§ WORK TO BE COMPLETED: Give the lines below again, exactly as they stand, and leave out the images.

§ DATA EXTRACT:
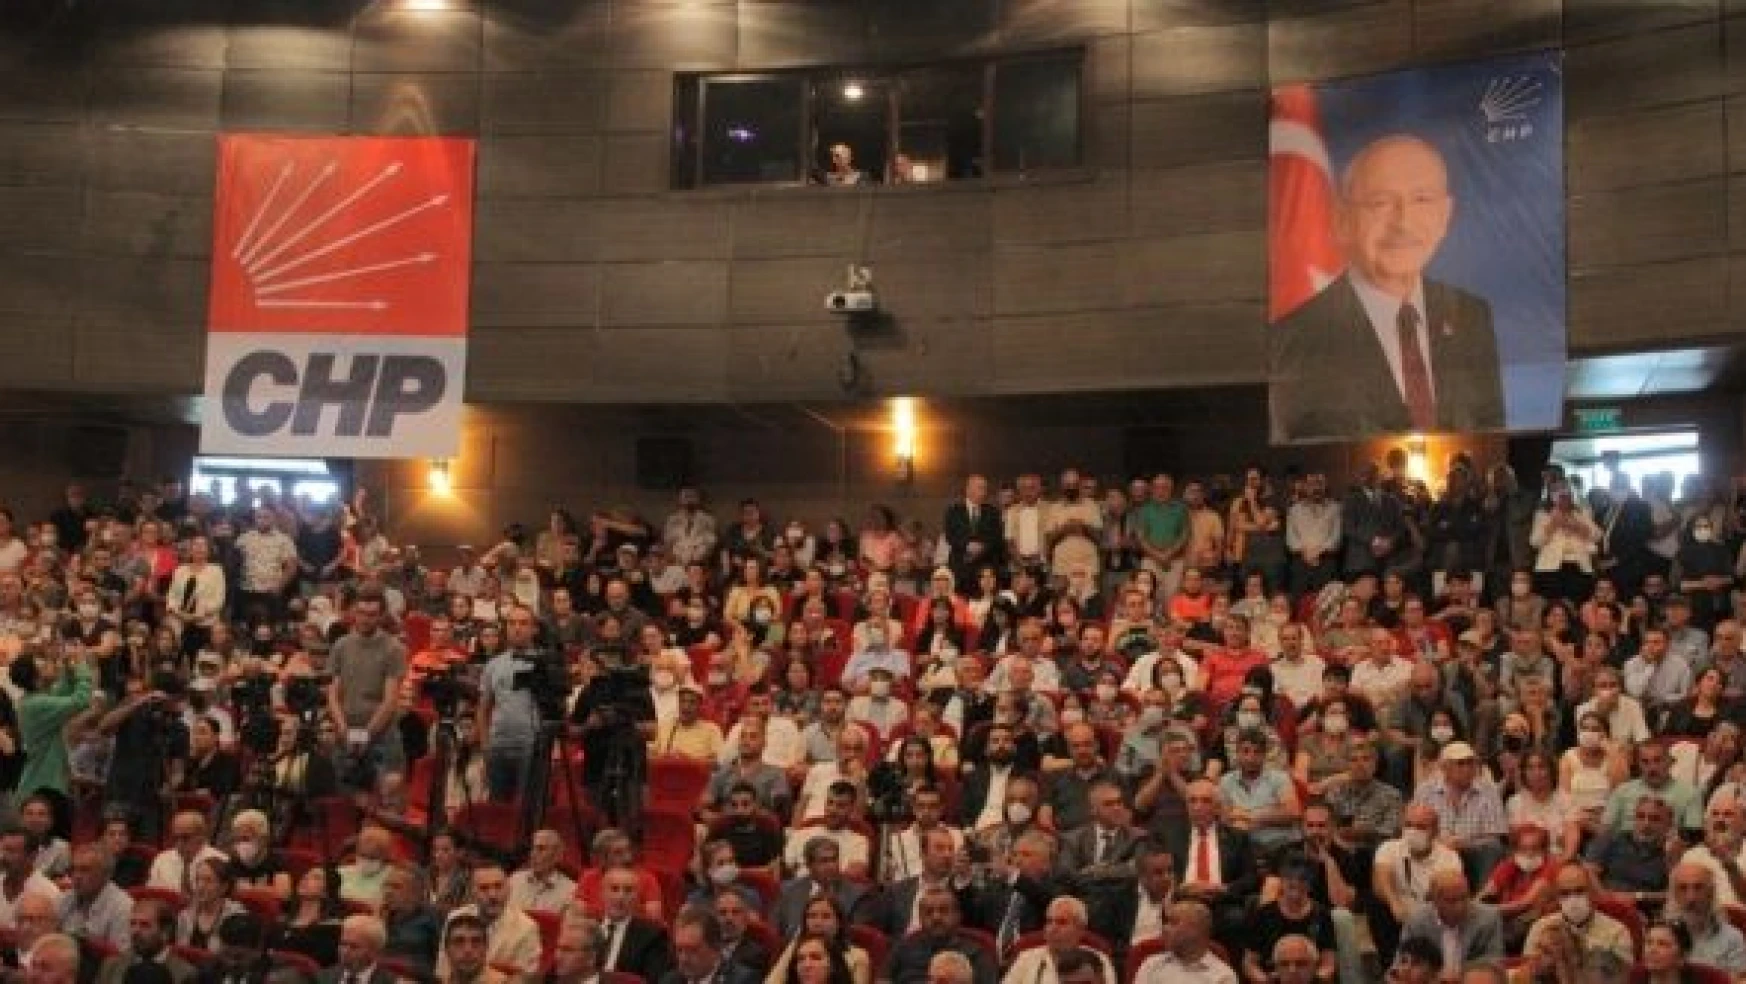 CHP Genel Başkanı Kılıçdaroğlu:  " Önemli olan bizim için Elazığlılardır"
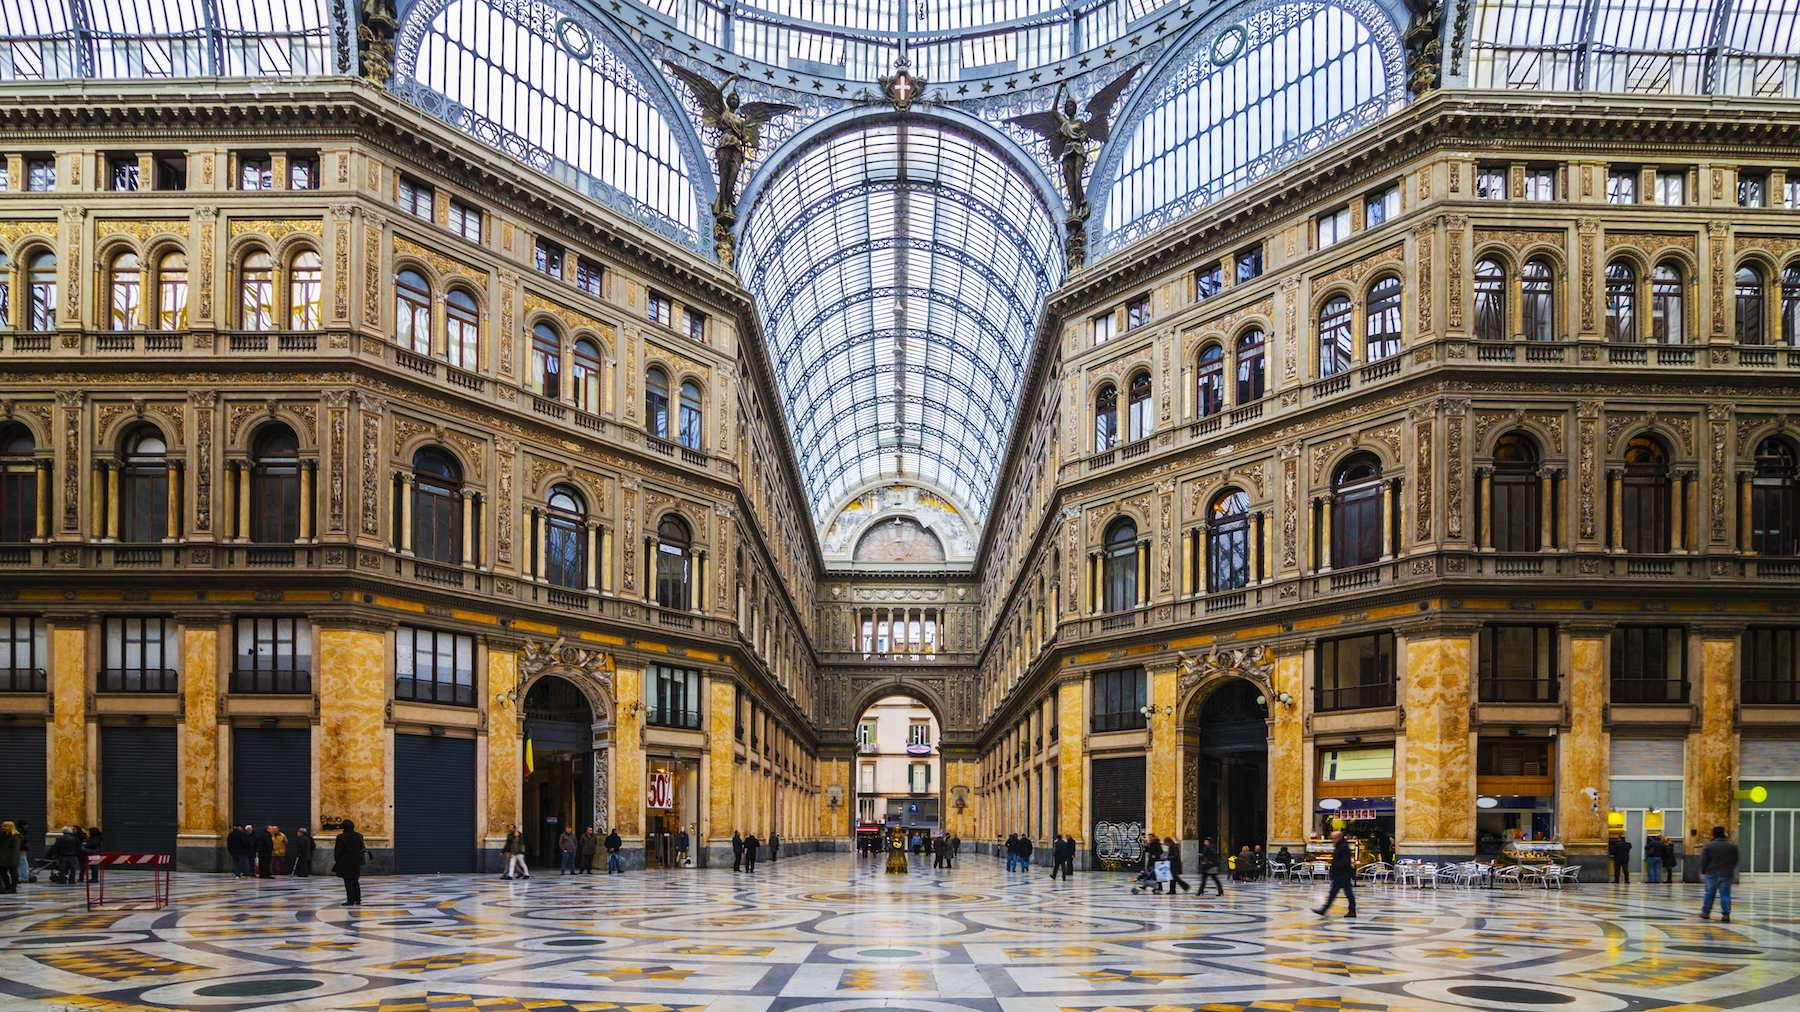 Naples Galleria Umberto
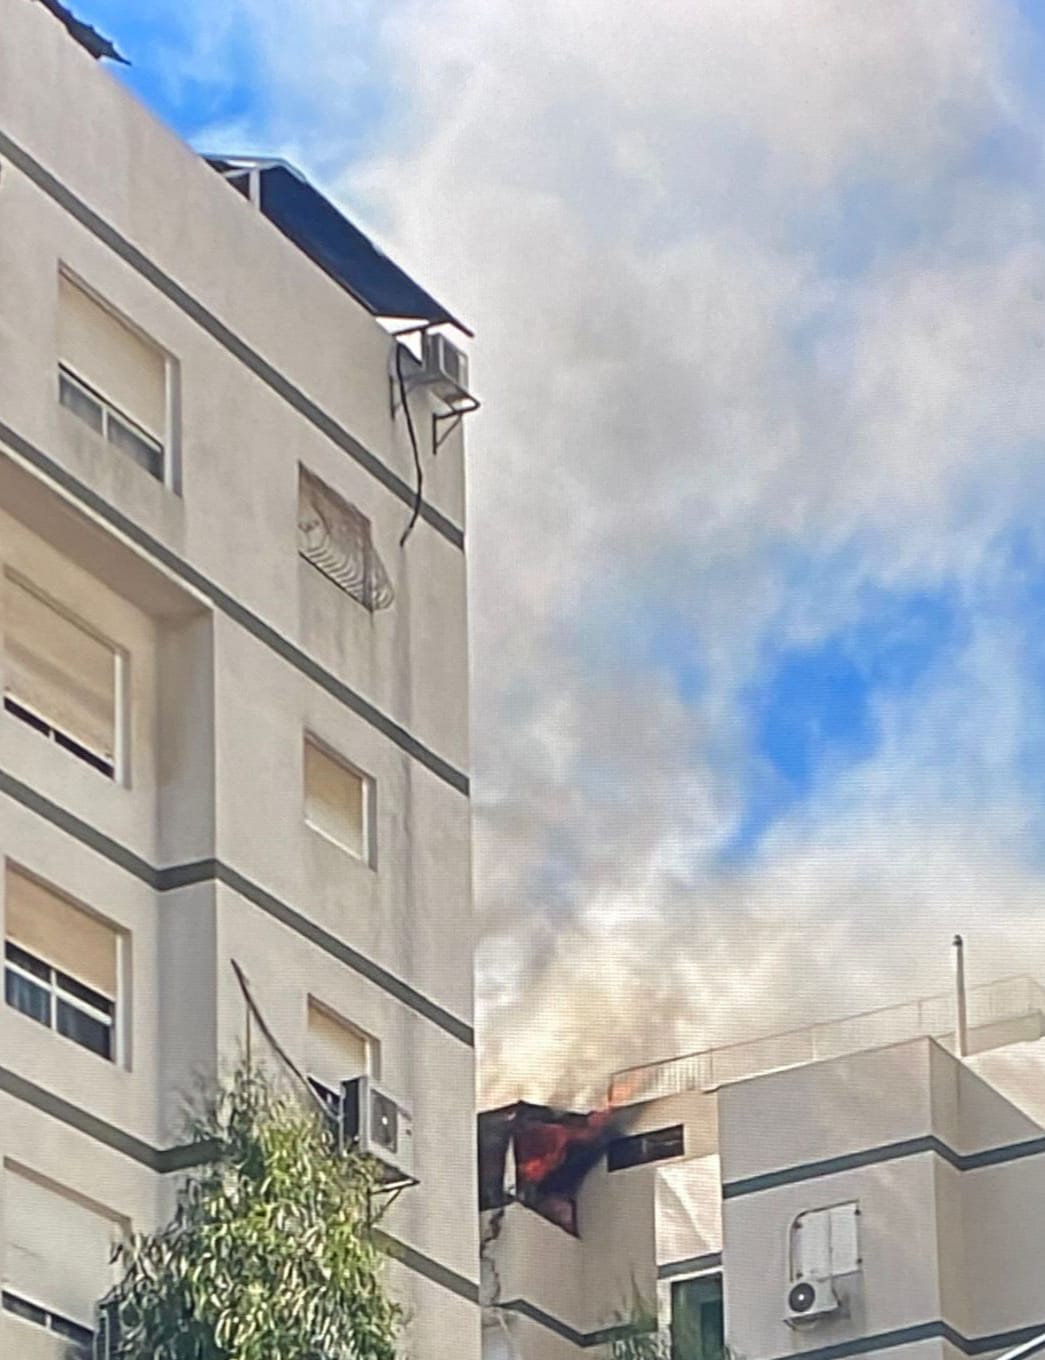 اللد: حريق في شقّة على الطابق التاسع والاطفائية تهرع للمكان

§ ANSWER AREA:
 CHP Genel Başkanı Kılıçdaroğlu:  " Önemli olan bizim için Elazığlılardır"
 Naples Galleria Umberto
 اللد: حريق في شقّة على الطابق التاسع والاطفائية تهرع للمكان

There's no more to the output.